URL url = new URL("https://android.clients.google.com/c2dm/send");

HttpURLConnection conn = (HttpURLConnection) url.openConnection();
conn.setDoOutput(true);
conn.setUseCaches(false);
conn.setRequestMethod("POST");
conn.setRequestProperty("Content-Type","application/x-www-form-urlencoded;charset=UTF-8");
conn.setRequestProperty("Content-Length",Integer.toString(postData.length));
conn.setRequestProperty("Authorization", "GoogleLogin auth="+ auth_key);
System.out.println(conn.getRequestProperties());

in the portion that i have repeated i am attempting to set request properties 3 of them but only 1 ever reaches the hashmap in conn this is the output :

{Content-Type=[application/x-www-form-urlencoded;charset=UTF-8]}

I don't understand how that code can run if it's on it's own just those lines and not work as part of a bigger code

i also tried it with addRequestProperty

Thanks in advance

Answer 1

Instead of setting Content-Length in the request property, use setFixedLengthStreamingMode(postData.length);

According to the source for HttpUrlConnection , Content-Length is a "restricted header":

146       /*
147        * Restrict setting of request headers through the public api
148        * consistent with JavaScript XMLHttpRequest2 with a few
149        * exceptions. Disallowed headers are silently ignored for
150        * backwards compatibility reasons rather than throwing a
151        * SecurityException. For example, some applets set the
152        * Host header since old JREs did not implement HTTP 1.1.
153        * Additionally, any header starting with Sec- is
154        * disallowed.
155        *
156        * The following headers are allowed for historical reasons:
157        *
158        * Accept-Charset, Accept-Encoding, Cookie, Cookie2, Date,
159        * Referer, TE, User-Agent, headers beginning with Proxy-.
160        *
161        * The following headers are allowed in a limited form:
162        *
163        * Connection: close
164        *
165        * See http://www.w3.org/TR/XMLHttpRequest2.
166        */
167       private static final boolean allowRestrictedHeaders;
168       private static final Set<String> restrictedHeaderSet;
169       private static final String[] restrictedHeaders = {
170           /* Restricted by XMLHttpRequest2 */
171           //"Accept-Charset",
172           //"Accept-Encoding",
173           "Access-Control-Request-Headers",
174           "Access-Control-Request-Method",
175           "Connection", /* close is allowed */
176           "Content-Length",
177           //"Cookie",
178           //"Cookie2",
179           "Content-Transfer-Encoding",
180           //"Date",
181           //"Expect",
182           "Host",
183           "Keep-Alive",
184           "Origin",
185           // "Referer",
186           // "TE",
187           "Trailer",
188           "Transfer-Encoding",
189           "Upgrade",
190           //"User-Agent",
191           "Via"
192       };

So, setting Content-Length will be silently ignored.
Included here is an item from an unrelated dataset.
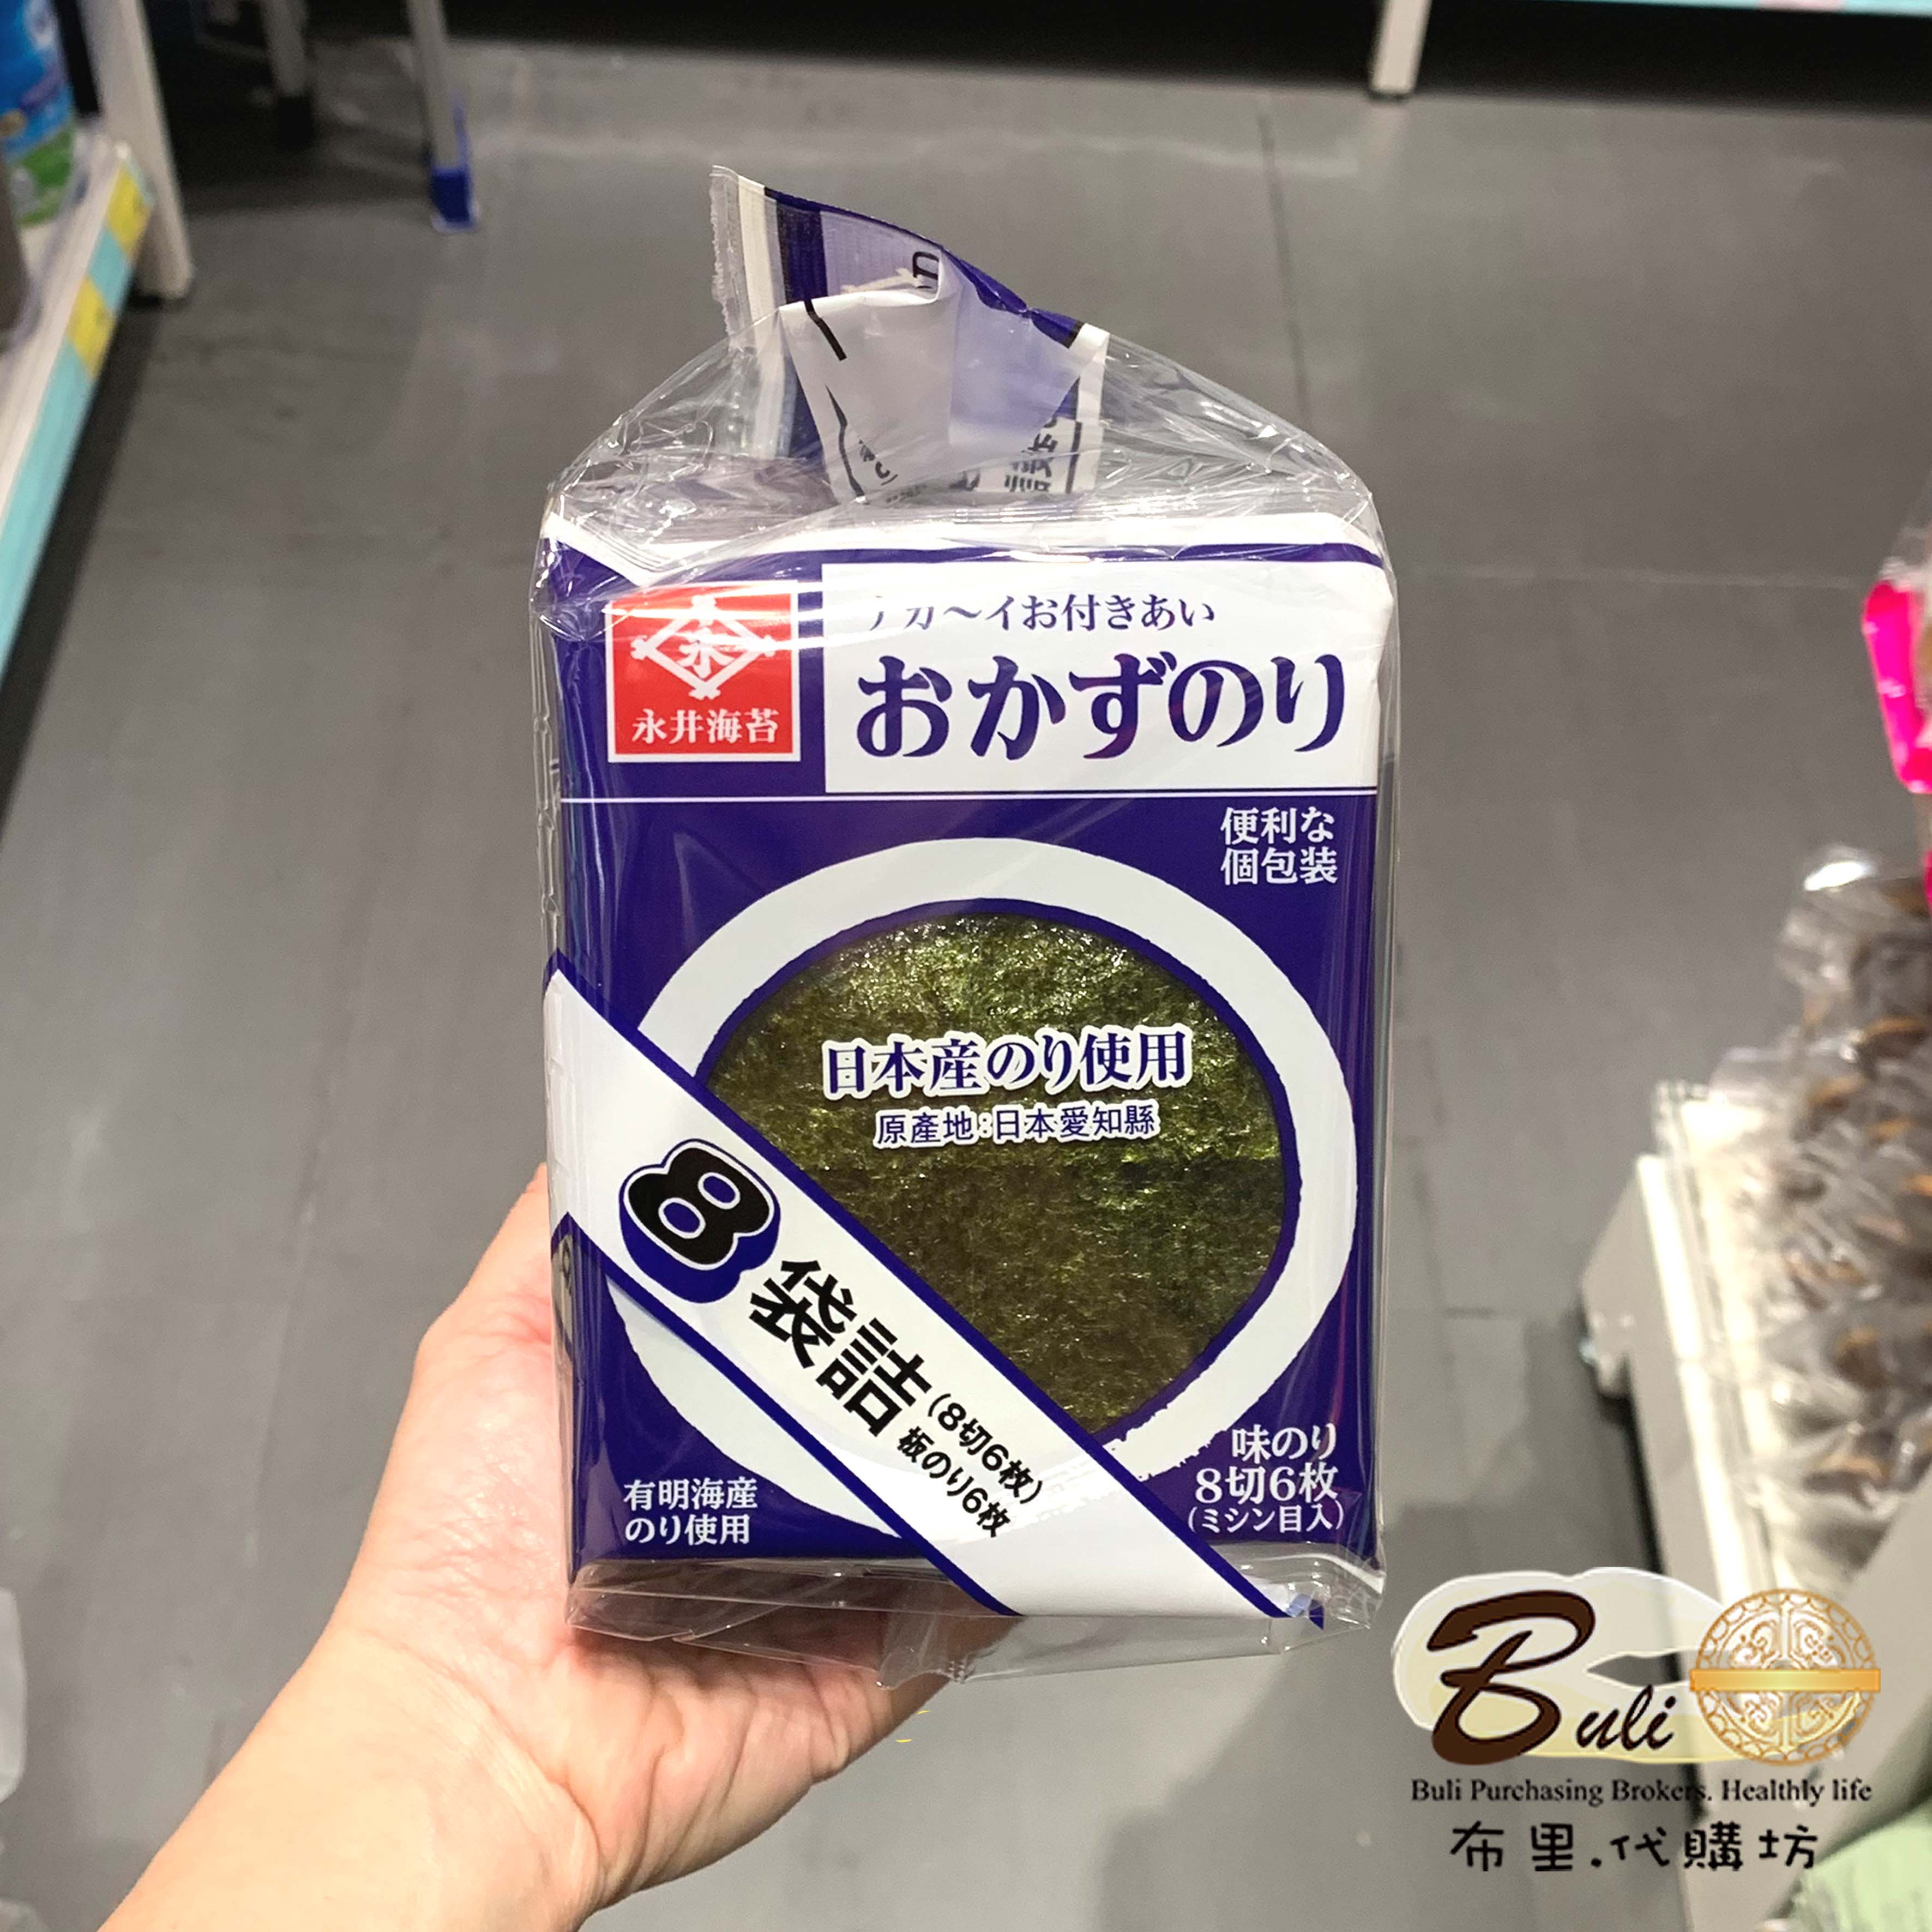 日本爱知县永井味付海苔 内含8小包
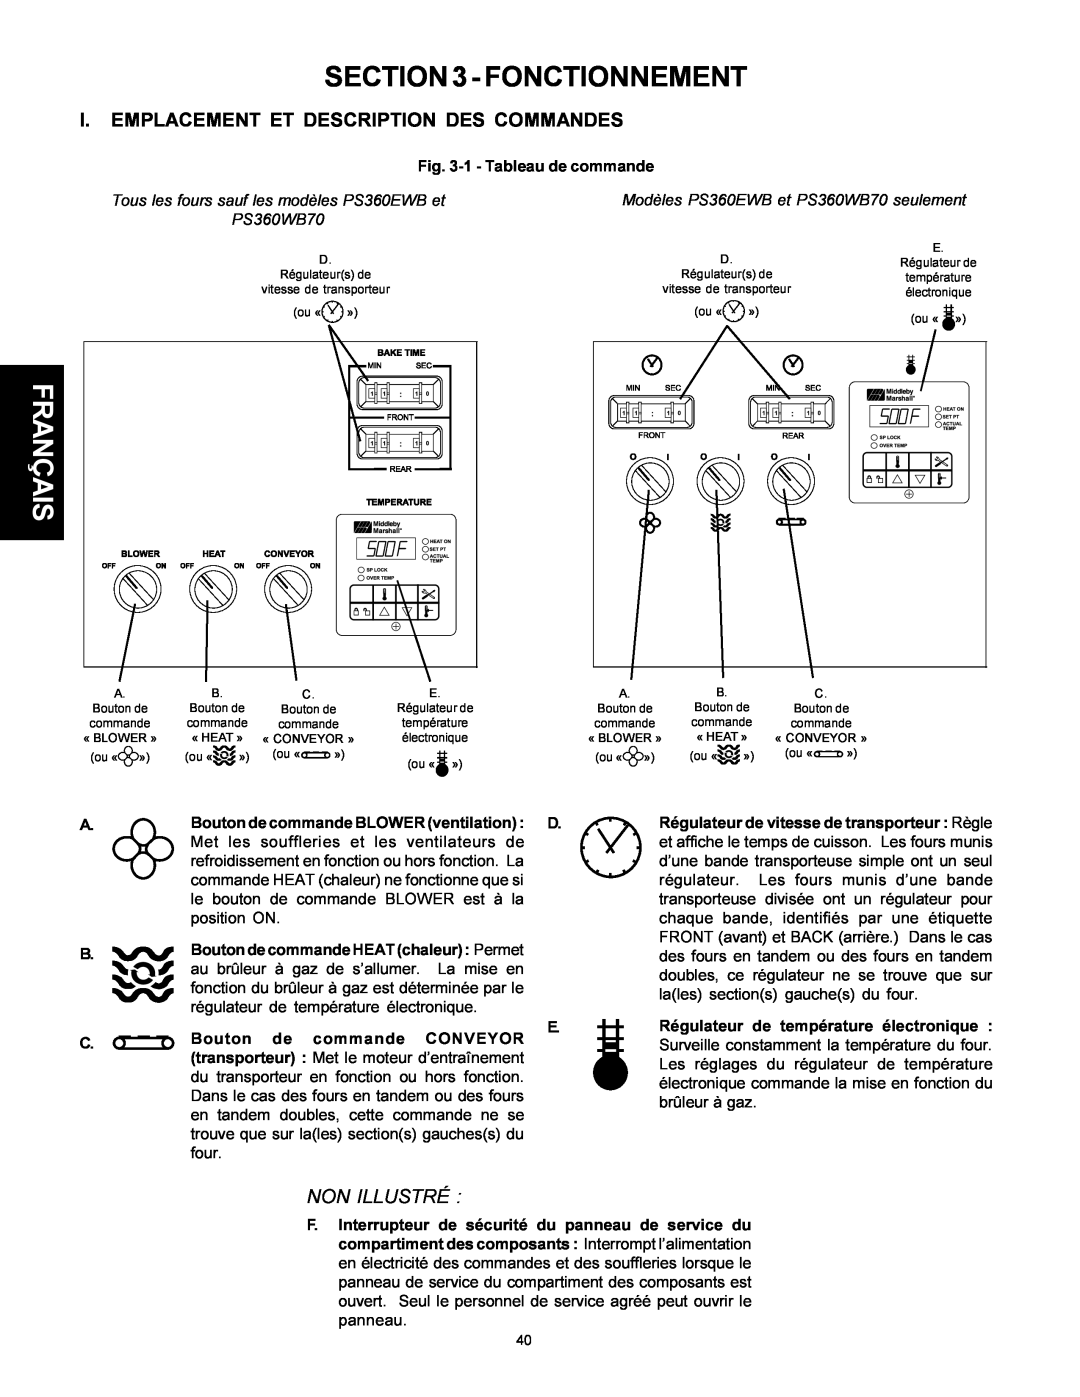 Middleby Marshall PS310 Fonctionnement, Français, I. Emplacement Et Description Des Commandes, Non Illustré, PS360WB70

Authorization is blocked from being returned for security purposes:

249       // the following http request headers should NOT have their values
250       // returned for security reasons.
251       private static final String[] EXCLUDE_HEADERS = {
252               "Proxy-Authorization",
253               "Authorization"
254       };
255   
256       // also exclude system cookies when any might be set
257       private static final String[] EXCLUDE_HEADERS2= {
258               "Proxy-Authorization",
259               "Authorization",
260               "Cookie",
261               "Cookie2"
262       };

So even if you set the authorization header, you won't get it back when you query the headers.

Answer 2

The content length is set automatically. You can't set it yourself directly. You can however pass the correct length when setting fixed length streaming mode.